Comparison of the Quarters Ended September 30, 2009 and 2008
The Company recognized $2.6 million in revenues during the third quarter of 2009 compared to $5.1 million in the third quarter of 2008. The decrease in revenues was due to a sharp decrease in oil prices in 2009. Oil prices in the third quarter of 2009 averaged $60.96 per barrel compared to $110.85 per barrel in the third quarter of 2008. The Company realized a net loss attributable to common shareholders of $(0.4 million) or $(0.01) per share of common stock during the third quarter of 2009, compared to a net income in the third quarter of 2008 to common shareholders of $1.6 million or $0.03 per share of common stock. The Company recorded non-cash unrealized loss on derivatives of $(0.6 million) for the third quarter 2009 and non-cash income tax expense of $0.8 million for the third quarter net income in 2008.
Production costs and taxes in the third quarter of 2009 decreased to $1.4 million from $1.5 million in the third quarter of 2008. This decrease is due to the Company's cost-cutting measures implemented in response to reduced oil prices as well as lower production in the third quarter 2009 as compared to 2008.
Depreciation, depletion, and amortization expense in the third quarter of 2009 decreased to $0.5 million from $0.6 million in the third quarter 2008. The depletion percentage has remained consistent with the total oil and gas properties.
Interest expense was $0.2 million in both third quarter of 2009 and 2008.
Comparison of the Nine Months Ended September 30, 2009 and 2008
The Company recognized $6.8 million in revenues during the first nine months of 2009 compared to $13.0 million in the first nine months of 2008. The decrease in revenues was due to a decrease in oil prices in 2009. Oil prices in the first nine months of 2009 averaged $49.74 per barrel compared to $106.53 per barrel in the first nine months of 2008. The Company realized a net loss attributable to common shareholders of $(0.9 million) or $(0.02) per share of common stock during the first nine months of 2009, compared to a net income in the first nine months of 2008 to common shareholders of $8.8 million or $0.15 per share of common stock. Approximately $3.4 million [38%] of this income was attributable to the net effects of recognizing the Company's deferred tax assets in 2008. The Company recorded non-cash unrealized loss on derivatives of $(0.6 million) for the first nine months of 2009, the remaining net operating loss carry forwards of $5.2 million in the first nine months of 2008 and recorded non-cash income tax expense of $1.8 million for the first nine months of 2008.
Production costs and taxes in the first nine months of 2009 decreased to $3.7 million from $4.2 million in the first nine months of 2008. This decrease is due to the Company's cost-cutting measures implemented in response to reduced oil prices during 2009. Depreciation, depletion, and amortization expense for the first nine months of 2009
was $1.4 million compared to $1.5 million in the first nine months of 2008. The depletion percentage has remained consistent with the total oil and gas properties.
Interest expense for the first nine months of 2009 increased to $0.5 million from $0.4 million due to the additional borrowing for the Riffe field purchase in July 2008.

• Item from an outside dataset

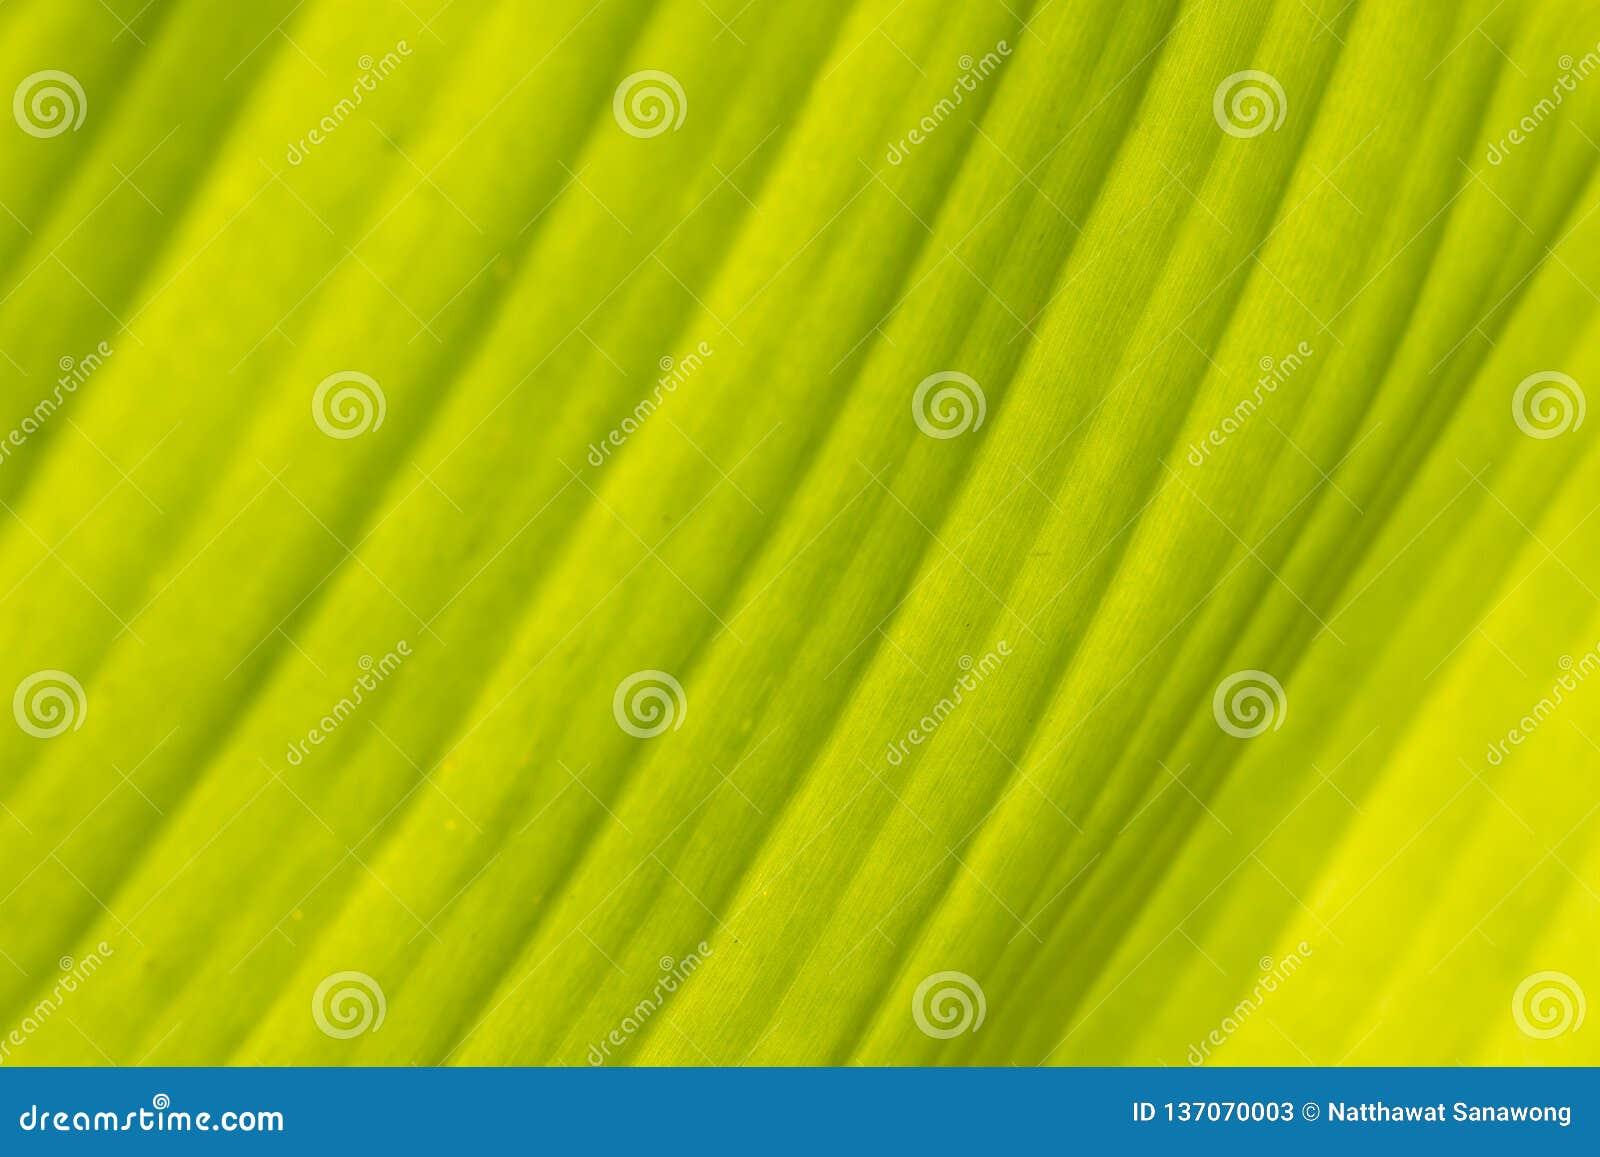 Grüne Banane verlässt für Hintergrund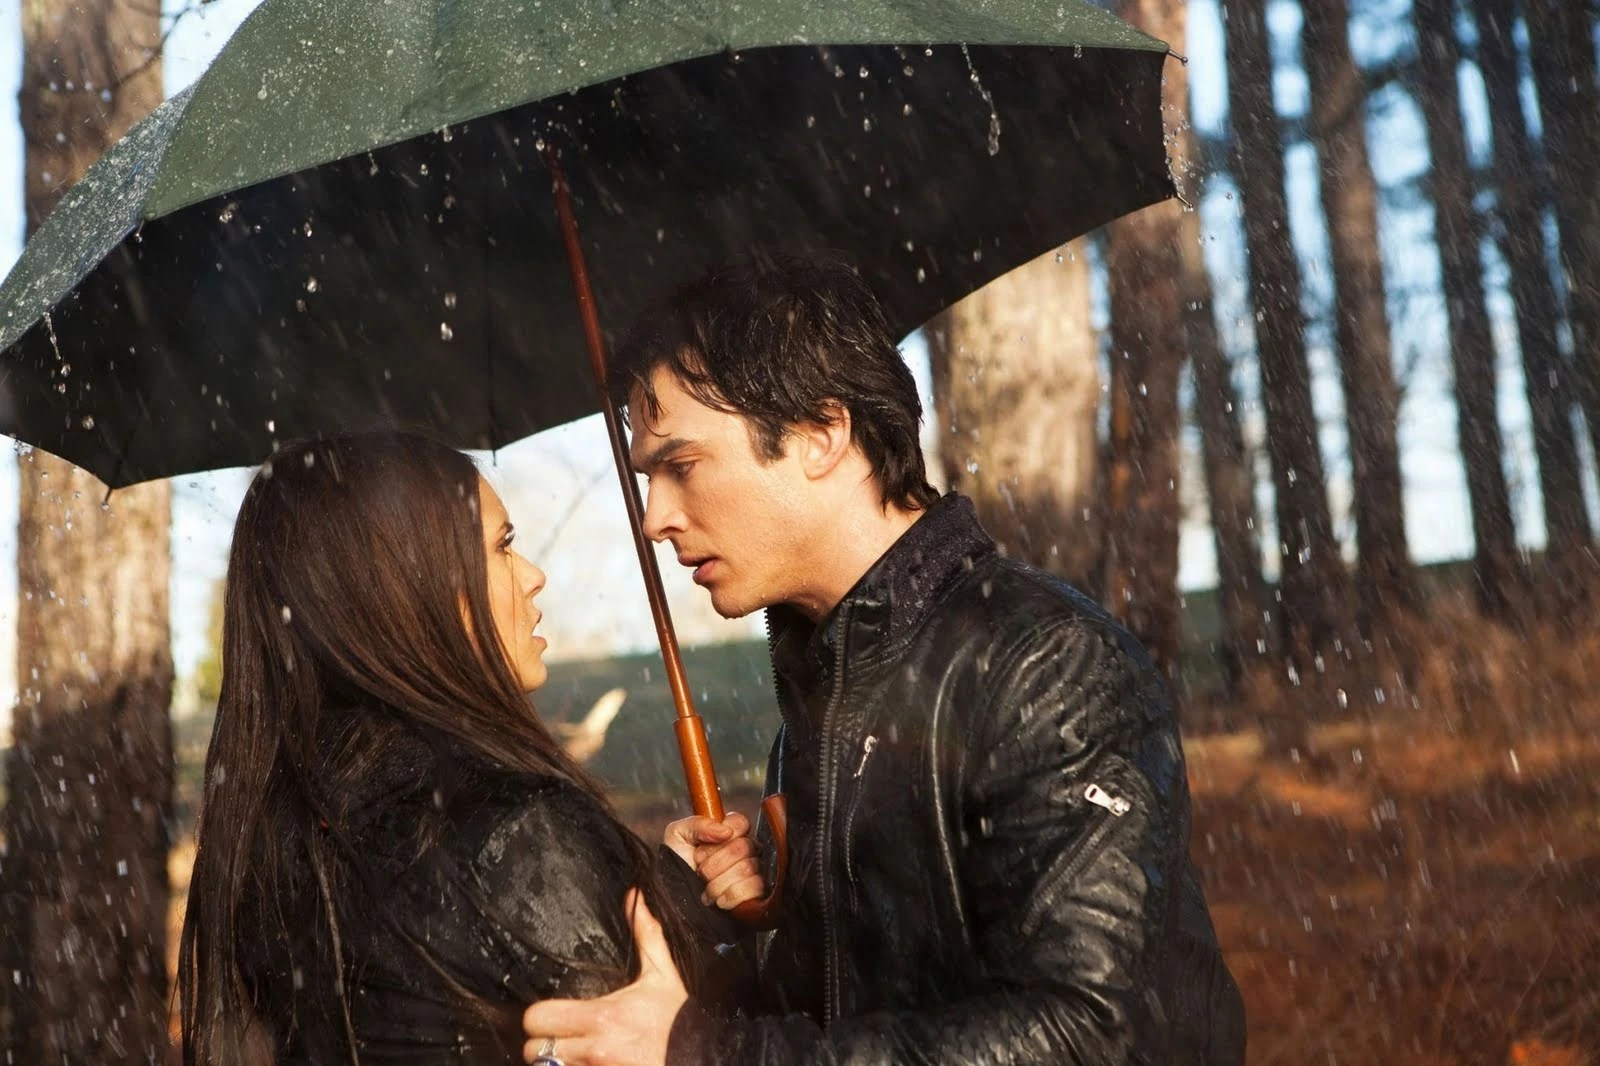 Vampire Diaries, Damon, Elena Gilbert, Salvatore, Damon and Elena

Liquidity and Capital Resources
On December 17, 2007, Citibank assigned the Company's revolving credit facility with Citibank to Sovereign Bank of Dallas, Texas ("Sovereign") as requested by the Company. Under the facility as assigned to Sovereign, loans and letters of credit are available to the Company on a revolving basis in an amount outstanding not to exceed the lesser of $20 million or the Company's borrowing base in effect from time to time. The Sovereign facility is secured by substantially all of the Company's producing and non-producing oil and gas properties and pipeline and the Company's Methane Project assets. The Company's initial borrowing base with Sovereign was set at $7.0 million, an increase from its borrowing base of $3.3 million with Citibank prior to the assignment.
On June 2, 2008, the Company entered into an amendment to its credit facility with Sovereign whereby the Company's borrowing base was increased by the Bank as a result of its review of the Company's currently owned producing properties. The borrowing base was raised to $11 million effective June 2, 2008. The Company had previously utilized about $4.2 million of the facility, leaving approximately $6.8 million then available for use by the Company upon this borrowing base increase. The Company used $5.35 million of the then available $6.8 million for the purchase of the Riffe Field properties in Kansas. The total borrowing by the Company under the facility as of the date of this Report is $9.9 million.
Effective February 5, 2009, the Company amended its credit facility with Sovereign to provide for a monthly reduction of the Bank's commitment by $0.15 million per month for the five month period of February through June 2008. This commitment reduction is not a cash payment obligation of the Company but had the effect of reducing the Company's available borrowing base in monthly increments of $0.15 million so that by June 2009 the Company's available borrowing base under the Sovereign facility was reduced by $0.75 million from $11.0 million to $10.25 million.
On July 9, 2009 the Company's borrowing base was increased from $10.25 million to $11.0 million under the revolving senior credit facility between the Company and Sovereign. The Company's borrowing base was increased on the completion of the regular semiannual borrowing base review by Sovereign. The $11.0 million borrowing base is again subject to a monthly available-credit reduction (MCR) of $.15 million per month beginning August 5, 2009. At September 30, 2009, the borrowing base was $10.7 million. As the borrowing base under the Company's Sovereign Bank revolving credit facility is reduced, the Company would be required to pay down its borrowings
under the revolving credit facility so that outstanding borrowings do not exceed the reduced borrowing base. This could further reduce the cash available to the Company for capital spending and, if the Company did not have sufficient capital to reduce its borrowing level, could cause the Company to default under its revolving credit facility with Sovereign Bank.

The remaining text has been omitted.